The US Food and Drug Administration (FDA) has granted Fast Track designation to the drug candidate CLBS03 for the treatment of type 1 diabetes.
This Fast Track designation will help to push through the development of CLBS03, developed by Caladrius Biosciences, which is designed to support the immune system in protecting the insulin-producing beta cells of the pancreas.
The drug is currently being studied in a phase II clinical trial called the T-Rex study, which is expected to finalise enrolment of the first cohort of 18 patients within the next few weeks.
Patients will then be randomised to receive either a high dose of CLBS03, a low dose, or placebo.
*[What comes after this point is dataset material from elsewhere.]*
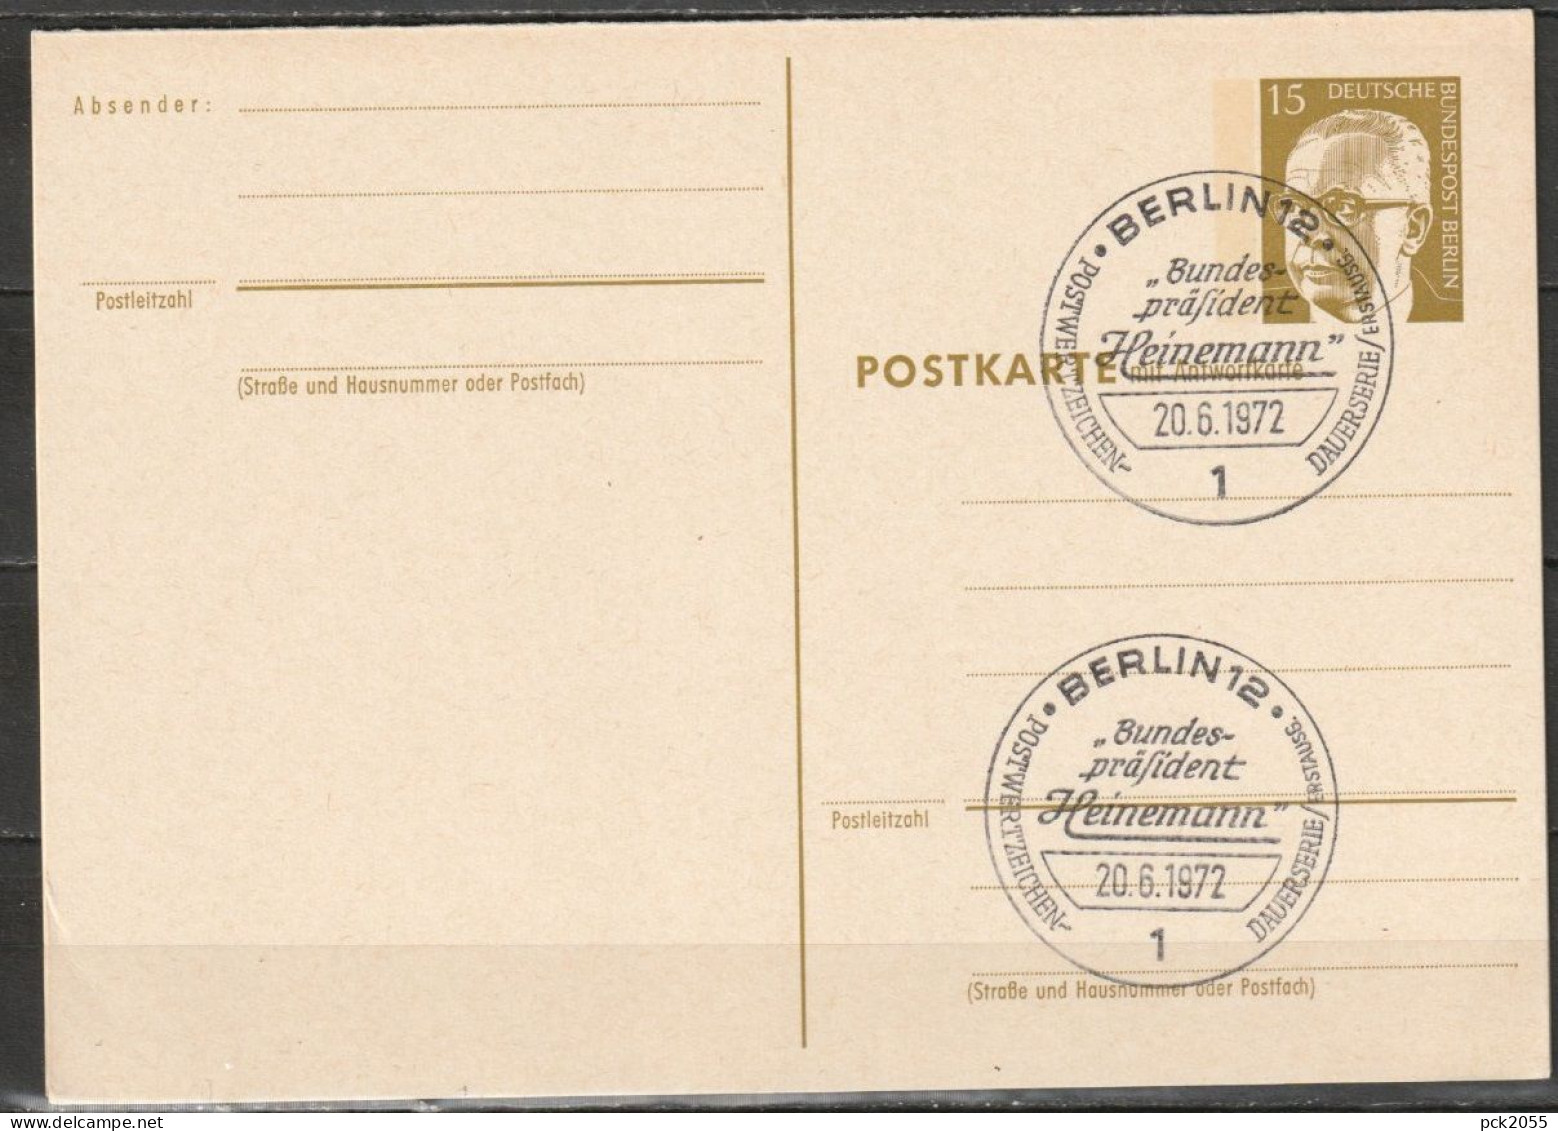 Berlin Ganzsache 1971/72 Mi.-Nr. P 87 Ersttagsstempel BERLIN 20.6.72  ( PK 208 ) - Postkarten - Gebraucht
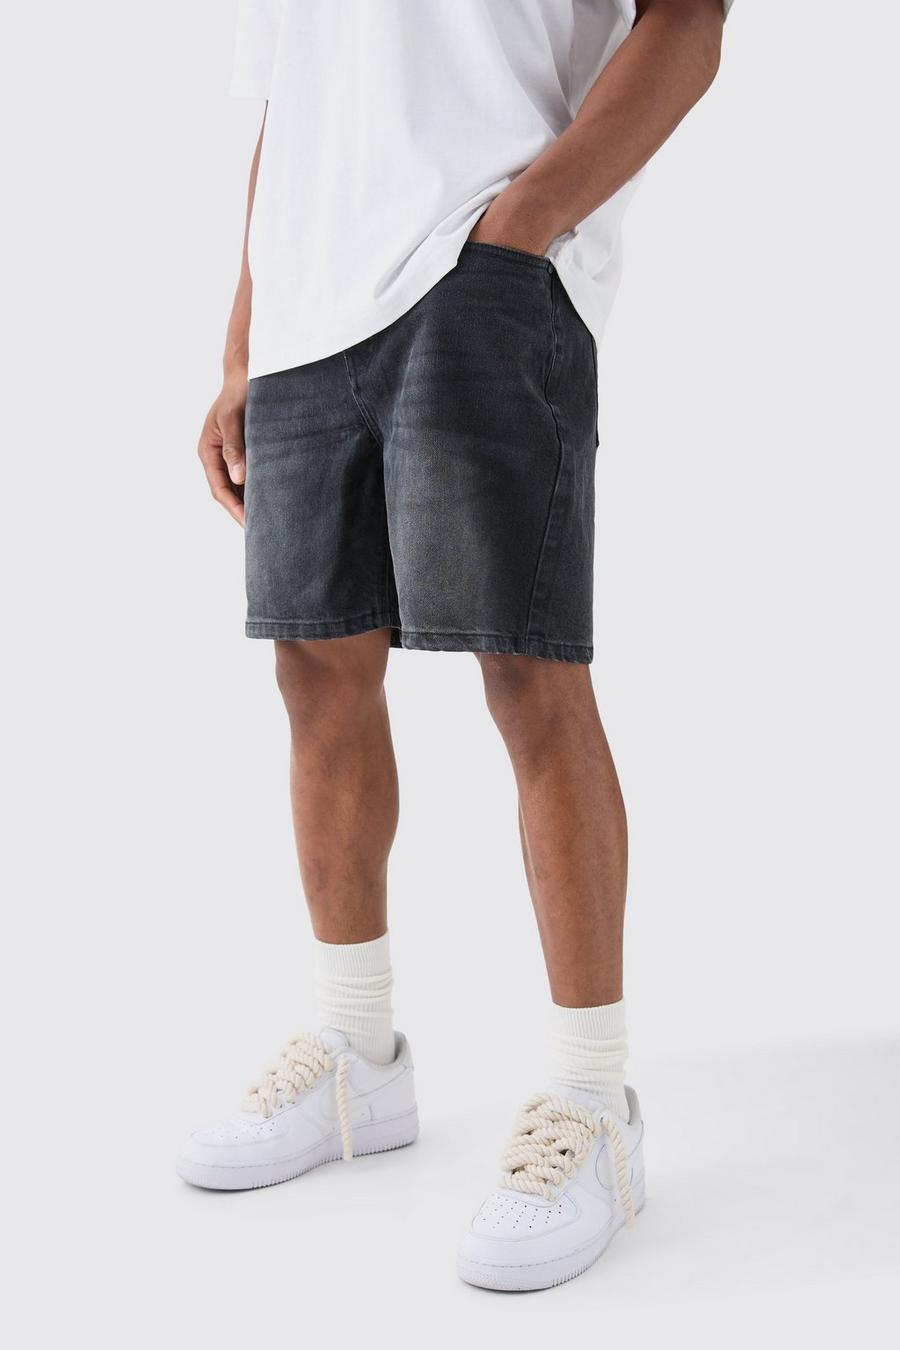 Pantalones cortos vaqueros holgados sin tratar en color carbón, Charcoal image number 1

The trial is being conducted in collaboration with healthcare company Sanford Health, with researchers set to evaluate pancreatic beta cell function, insulin use, HbA1c and severe hypoglycemic episodes, as well as several other health markers.
Treatment with CLBS03 is derived from the use of T regulatory cells (Tregs) to restore immune balance in patients with autoimmune diseases such as type 1 diabetes.
In type 1 diabetes, deficient Treg cells enable T effector cells to attack the body’s insulin-producing cells in the pancreas. CLBS03 consists of each patient’s own Tregs, which have been expanded in number and functionality to help protect the immune system.
Two previous phase I trials have demonstrated CLBS03 to safely infuse Treg cells into patients, which reduced the need for exogenous insulin in the majority of patients treated.
In one particular trial, CLBS03 treatment also preserved the function of pancreatic beta cells in pediatric patients aged 8-16 years with new onset type 1 diabetes.
David J. Mazzo, PhD, Chief Executive Officer of Caladrius, said: “Obtaining Fast Track designation is a key milestone in our regulatory and development strategy for CLBS03.
“It underscores the great need for innovative treatments, such as CLBS03, in the treatment of T1D and allows for the acceleration of its development.”